What you have to do
Each line in the material below, starting at the one that contains "Seagate Skyhawk AI" and ending at the one that contains "Speaker Event 2021, sponsored by Breitenfeld", should be repeated exactly; the pictures should not.

Data under study
»»
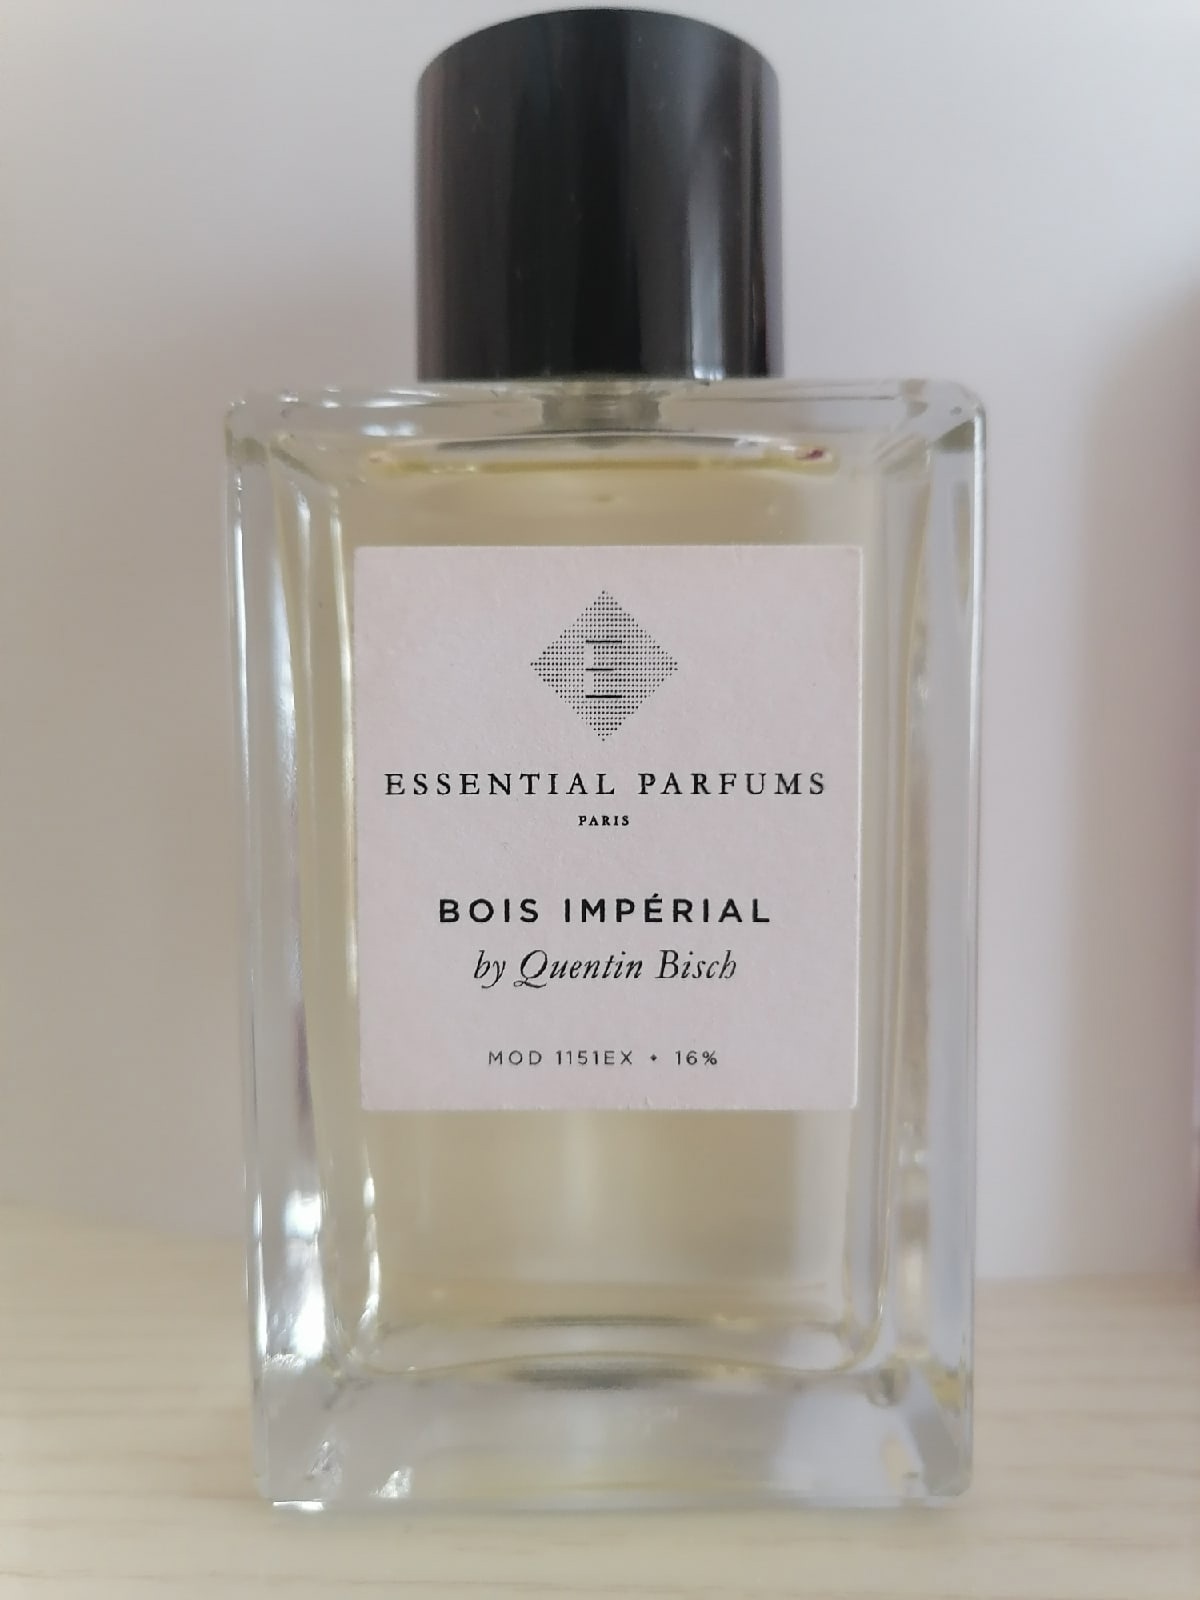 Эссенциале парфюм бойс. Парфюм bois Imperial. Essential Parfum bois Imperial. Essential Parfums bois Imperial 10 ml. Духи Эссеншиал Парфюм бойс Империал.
««
»»
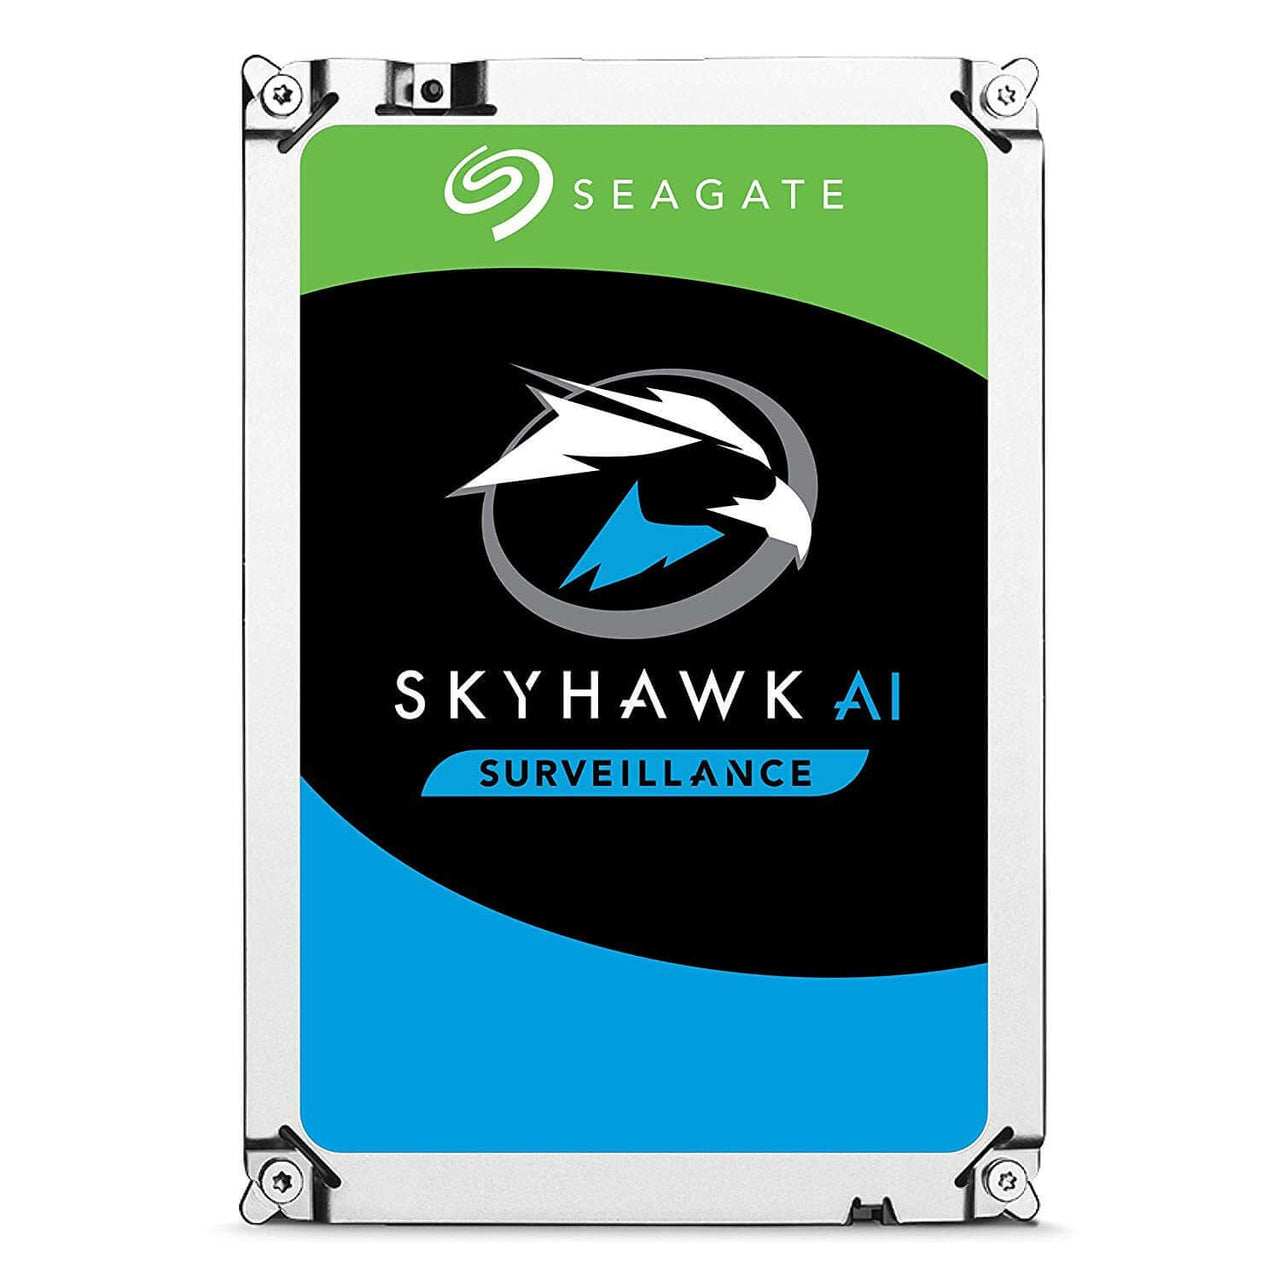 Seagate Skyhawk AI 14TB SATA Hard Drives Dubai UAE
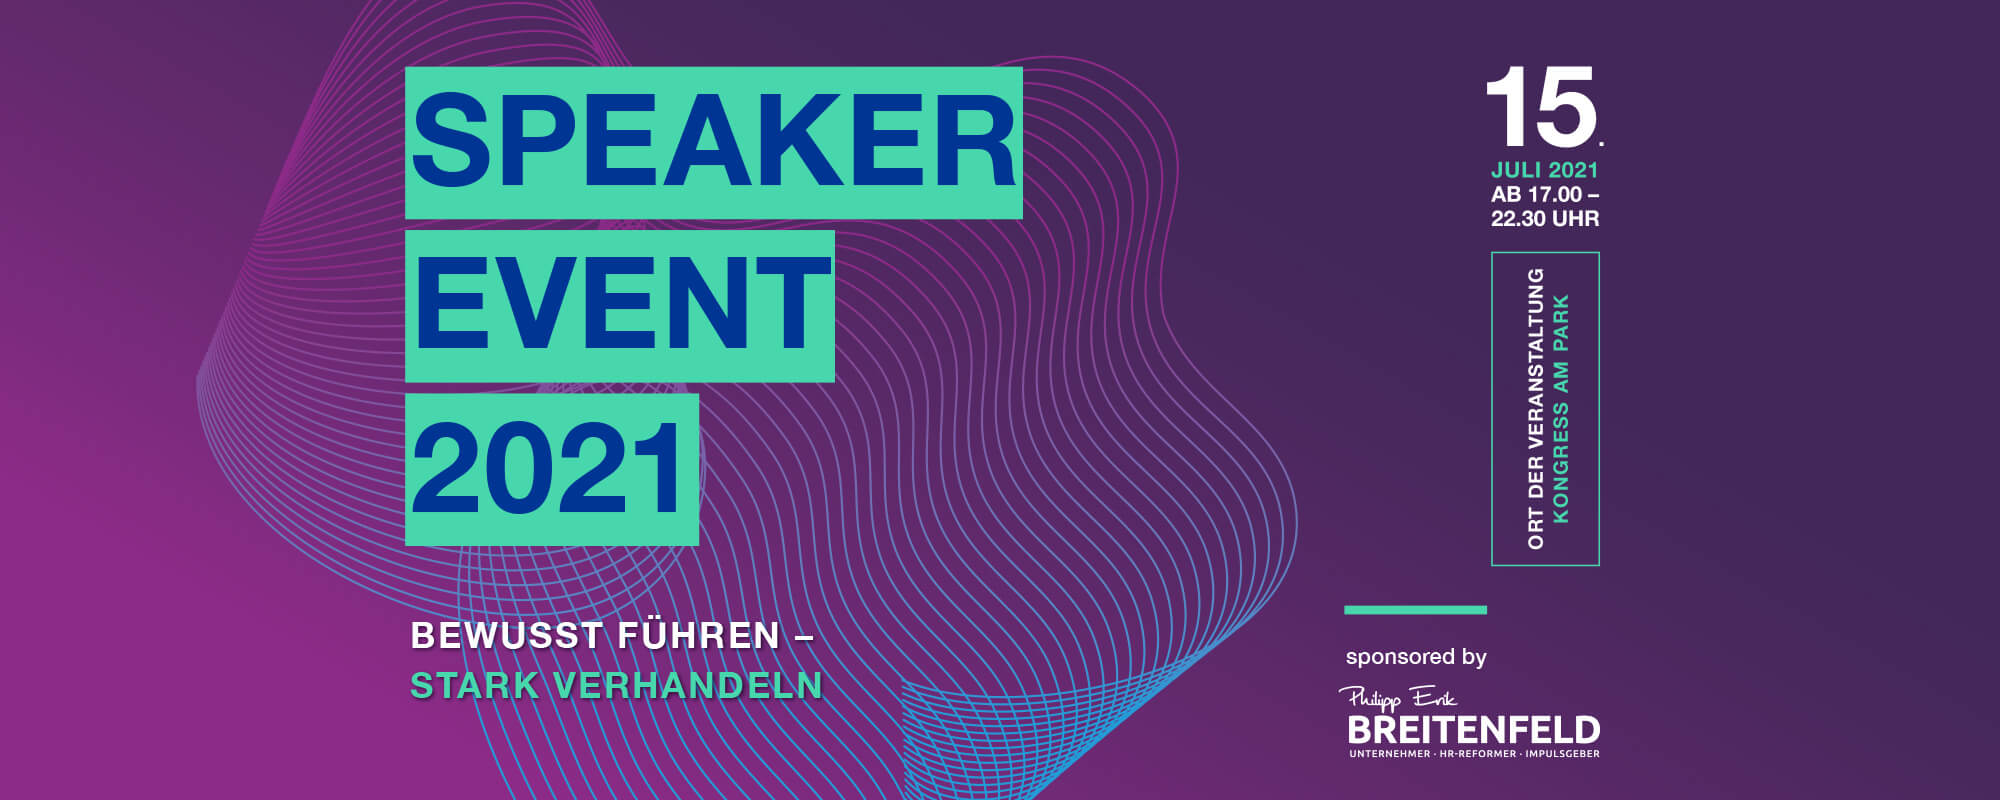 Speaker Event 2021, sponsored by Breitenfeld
««
»»
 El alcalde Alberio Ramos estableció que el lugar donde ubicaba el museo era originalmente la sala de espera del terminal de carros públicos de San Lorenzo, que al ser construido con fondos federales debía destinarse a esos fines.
««
Exercise result
 Seagate Skyhawk AI 14TB SATA Hard Drives Dubai UAE
 Speaker Event 2021, sponsored by Breitenfeld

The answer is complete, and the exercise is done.